The Born-Infeld superfield Lagrangian density is
one of these composite superfields. The constraints can be solved
by iterations to any order in the fields. We present
the sought $N=2$ Born-Infeld action up to the 10th order. It 
encompasses the action found earlier by Kuzenko and
Theisen to the 8th order from a self-duality requirement. This is 
a strong indication that the
complete $N=2$ Born-Infeld action with partially broken $N=4$ supersymmetry
is also self-dual.
\end{abstract}

\vfill

\noindent{\it E-Mail:}\\
{\it 1) bellucci@lnf.infn.it}\\
{\it 2) eivanov@thsun1.jinr.ru}\\
{\it 3) krivonos@thsun1.jinr.ru}
\newpage

\end{titlepage}

\renewcommand{\thefootnote}{\arabic{footnote}}
\setcounter{footnote}0
\setcounter{equation}0
\section{Introduction}
For many reasons it is important to know off-shell superfield
actions of supersymmetric extensions of the Born-Infeld (BI) theory
\cite{CF}-\cite{Ke} and to
understand the geometry behind them.
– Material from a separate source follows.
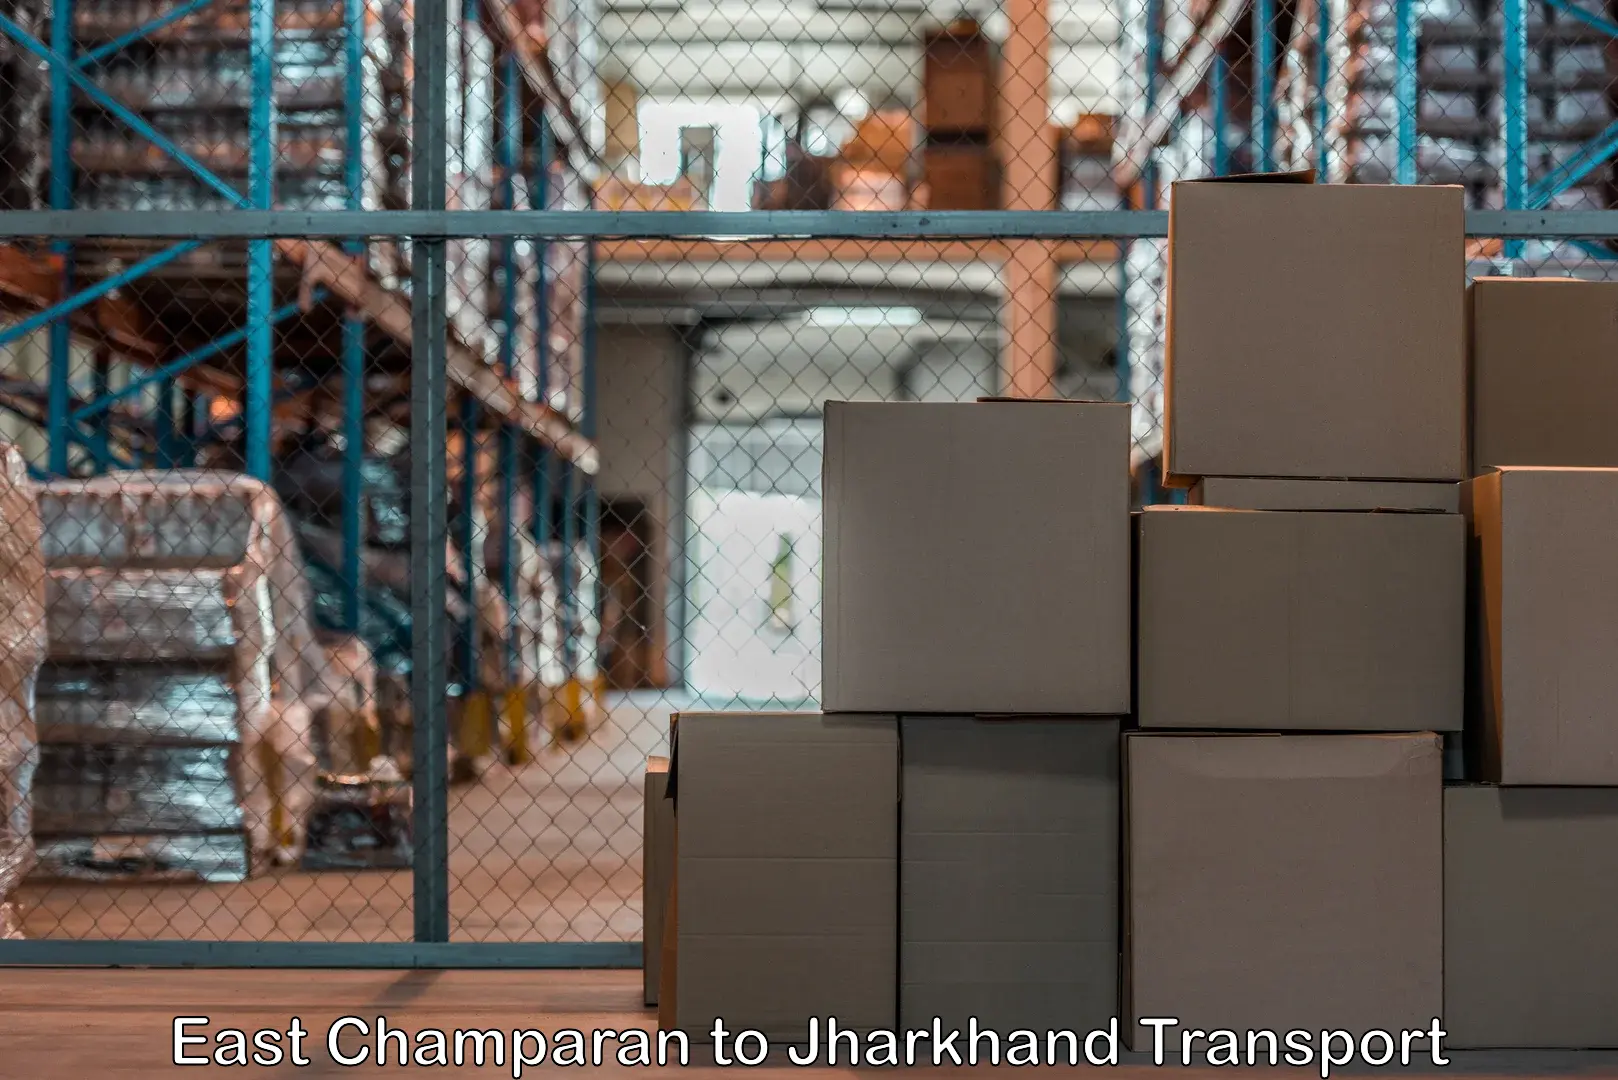 Container transport service East Champaran to Jharkhand

One of the basic sources of
interest in such actions is that their notable subclass, the
BI actions with a hidden extra nonlinearly realized supersymmetry,
provides a manifestly worldvolume supersymmetric description of various
Dp-branes in a static gauge \cite{Ts}. As was demonstrated
in \cite{BG} (see also \cite{RT}), this sort of BI actions 
supplies a nice example of
systems with partial spontaneous breaking of global supersymmetry 
(PBGS). The
covariant superfield gauge strengths in terms of which such actions are
formulated, can be identified with the Goldstone superfields supporting a
nonlinear realization of some underlying extended supersymmetry. 
The manifest
supersymmetry of the given BI action is the linearly realized half of
the underlying supersymmetry.

At present, the Goldstone superfield BI actions are known in a closed
explicit form only for the 1/2 PBGS options $N=2 \rightarrow N=1$
in $d=4$ \cite{BG,RT} and $d=3$ \cite{IK}. They
amount to the worldvolume actions of the spacetime-filling
D3- and D2-branes in a fixed gauge and involve, respectively,
the $N=1,\, d=4$ and $N=1,\, d=3$ vector multiplets as the Goldstone ones.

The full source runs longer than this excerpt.